1. Migrations are Dead

Remember the first time you created and ran a migration in Rails. Can you? Think back to the exuberance of the moment when you realized tempting fate on a production server was a thing of the past. Well I have news for you Walter Cronkite, migrations are so last year.

Yep, you don’t migrate when you want to add or remove columns with Mongo. Heck, you don’t even add or remove columns. Need a new piece of data? Throw a new key into any model and you can start adding data to it. No need to bring your app to a screeching halt, migrate and then head back to normal land. Just add a key and start collecting data.

2. Single Collection Inheritance Gone Wild

There are times when inheritance is sweet. Let’s take Harmony for example. Harmony is all about managing websites. Websites have content. Content does not equal pages. Most website management tools are called content management systems and all that means is that you get a title field and a content field. There, you can now manage content. Wrong!

Pages are made up of content. Each piece of content could be as tiny as a number or as large a massive PDF. Also, different types of pages behave differently. Technically a blog and a page are both pages, but a page has children that are most likely ordered intentionally, whereas a blog has children that are ordered by publish date.

So how did Mongo help us with this? Well, we created a base Item model. Sites have many items. Items have many custom pieces of data. So, we have an Item model that acts as the base for our Page, Blog, Link, BlogPost and such models. Then each of those defines specific keys and behaviors that they do not have in common the other items.

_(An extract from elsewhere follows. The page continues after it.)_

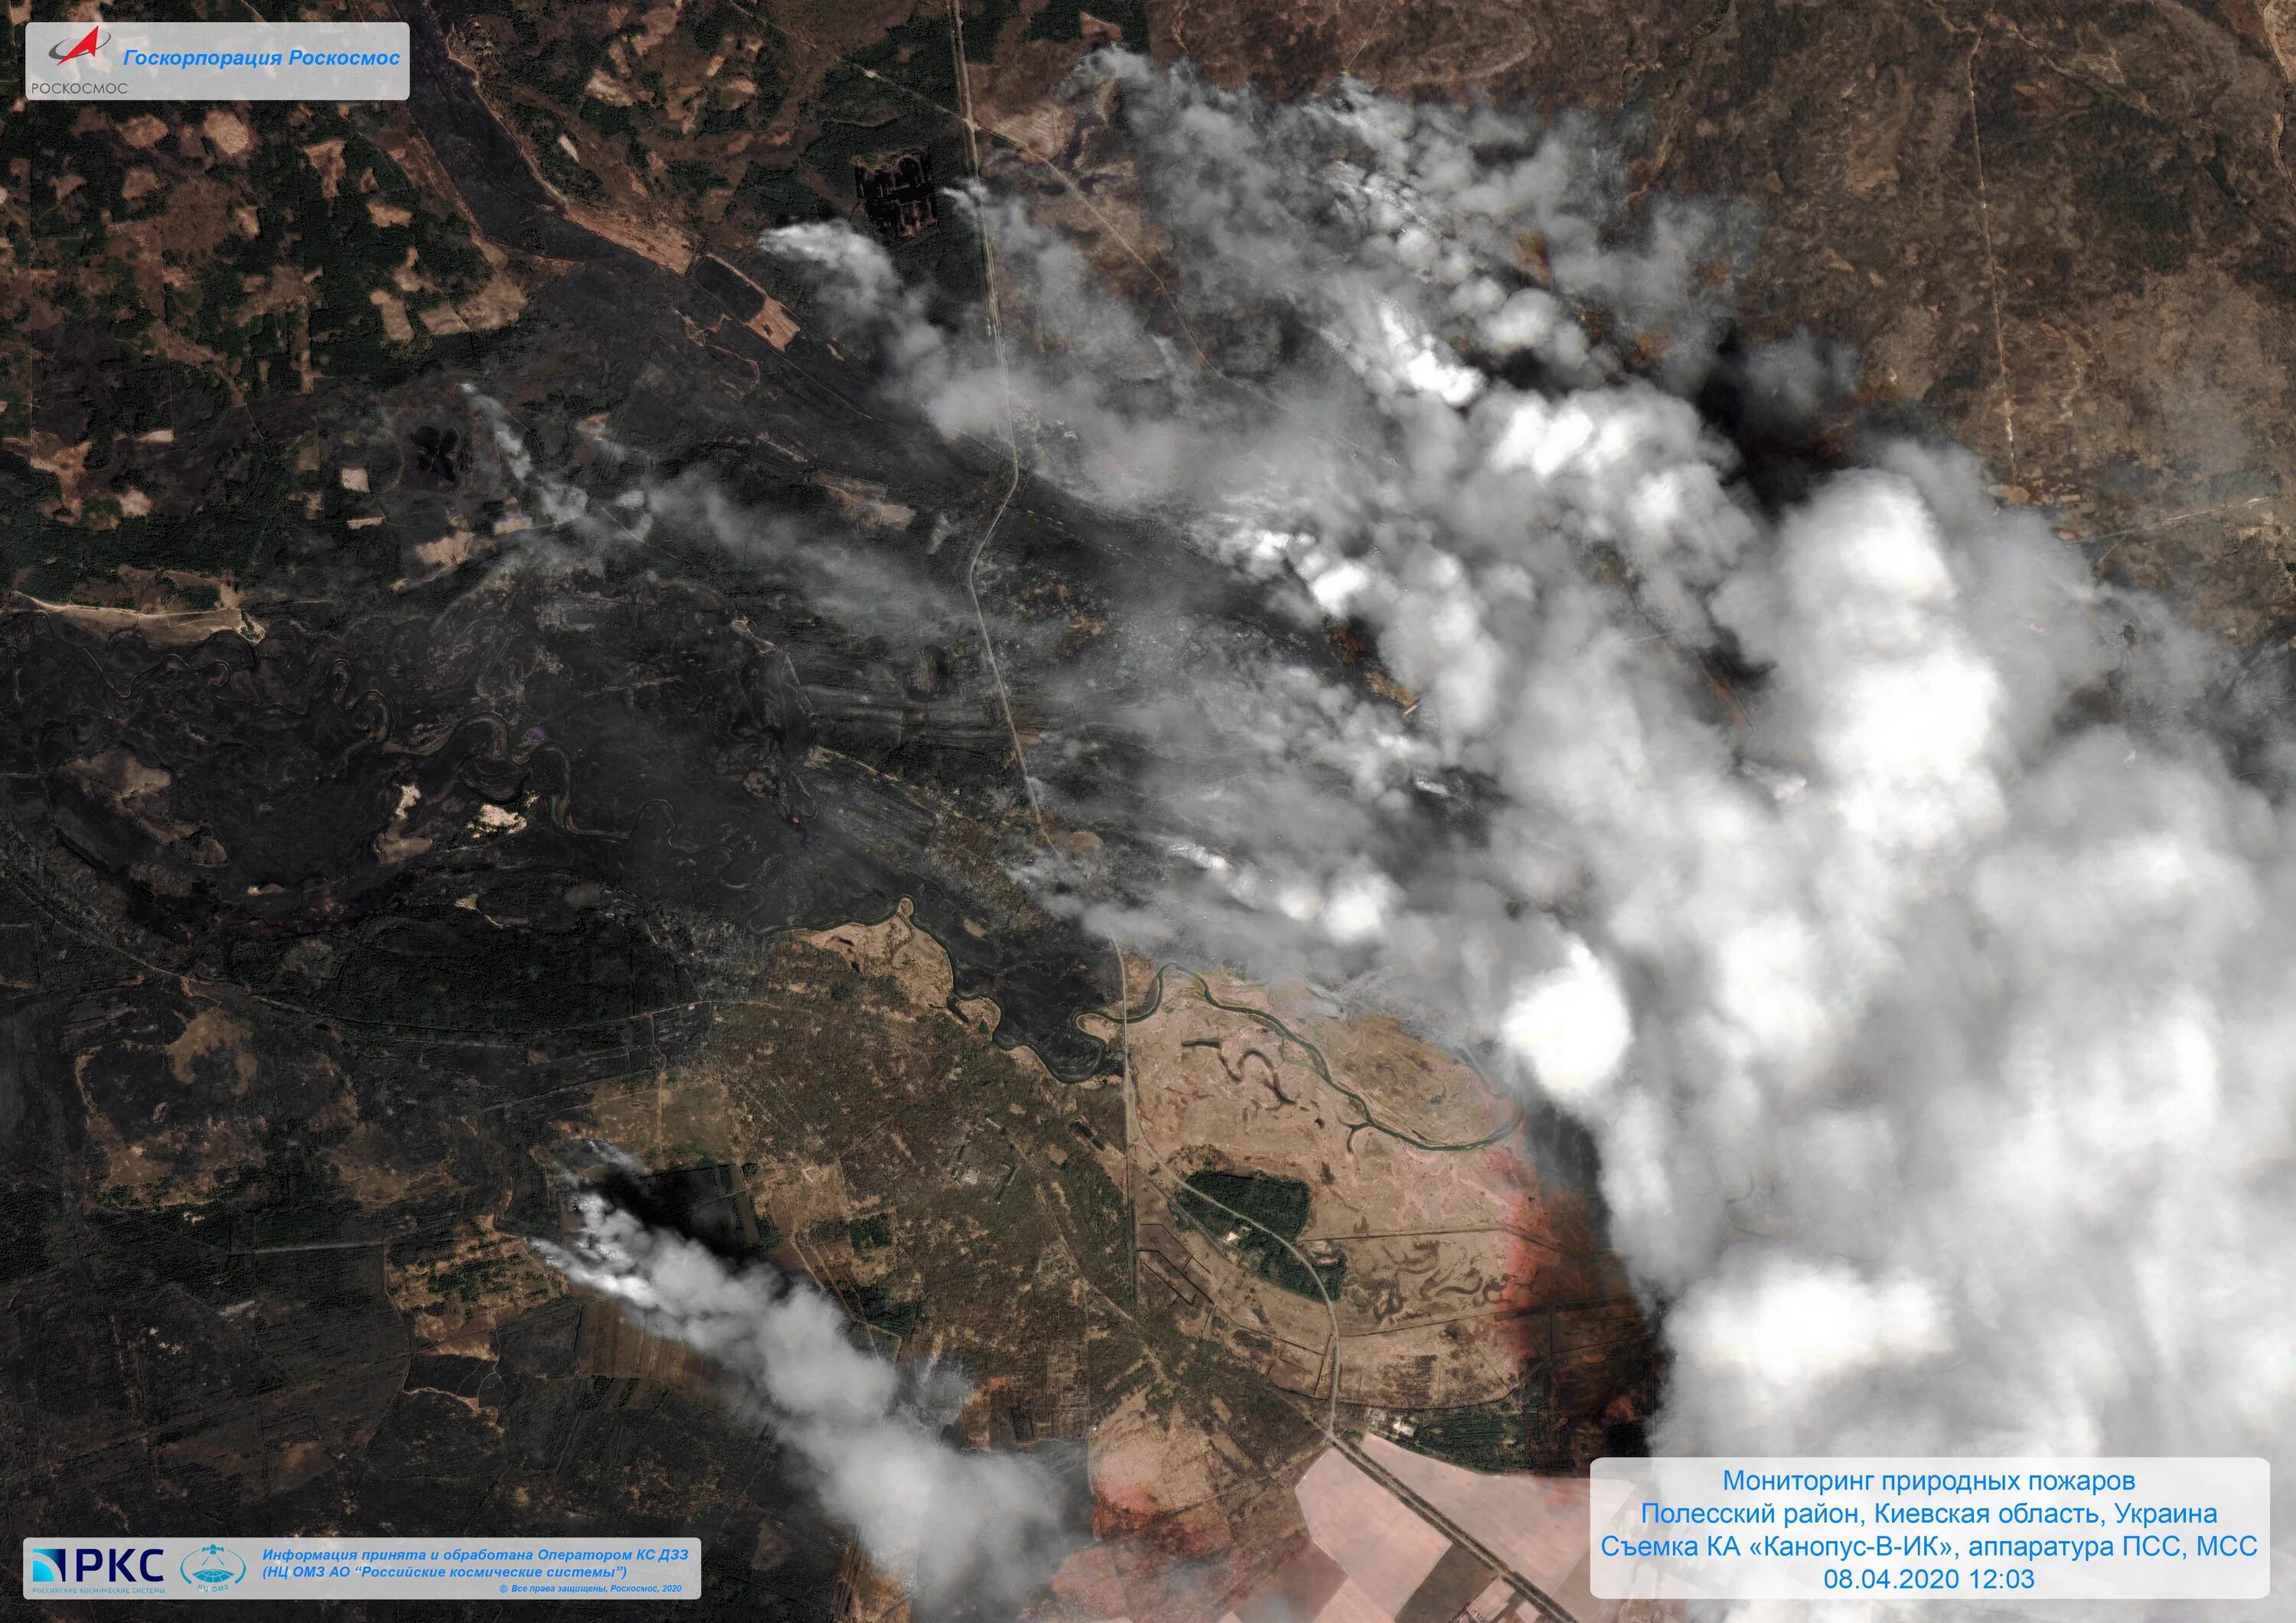 Снимки со спутников Канопус в. Спутниковый снимок лесного пожара. Пожар со спутника. Лесные пожары снимки со спутника.

By using inheritance, they all share the same base keys, validations, callbacks and collection. Then for behaviors and keys that are shared by some, but not all, we are creating modules and including them. One such module is SortableItem. This gets included in Page, Blog and Link as those can all be sorted and have previous and next items. The SortableItem module defines a position key and keeps the position order in check when creating and destroying items that include it. Think of it as acts_as_list.

This has been so handy. Steve was building the doc site and said he wished he had a link type, something that shows up in the navigation, but cross links to another section or another site. I was like, so make it! Here it is in all its glory.

class Link < Item
  include SortableItem

  key :url, String, :required => true, :allow_blank => false

  def permalink
    Harmony.escape_url(title)
  end
end

Yep, barely any code. We inherit from item, include the sortable attributes, define a new key named url (where the link should go to) and make sure the permalink is always set to the title. Nothing to it. This kind of flexibility is huge when you get new feature ideas.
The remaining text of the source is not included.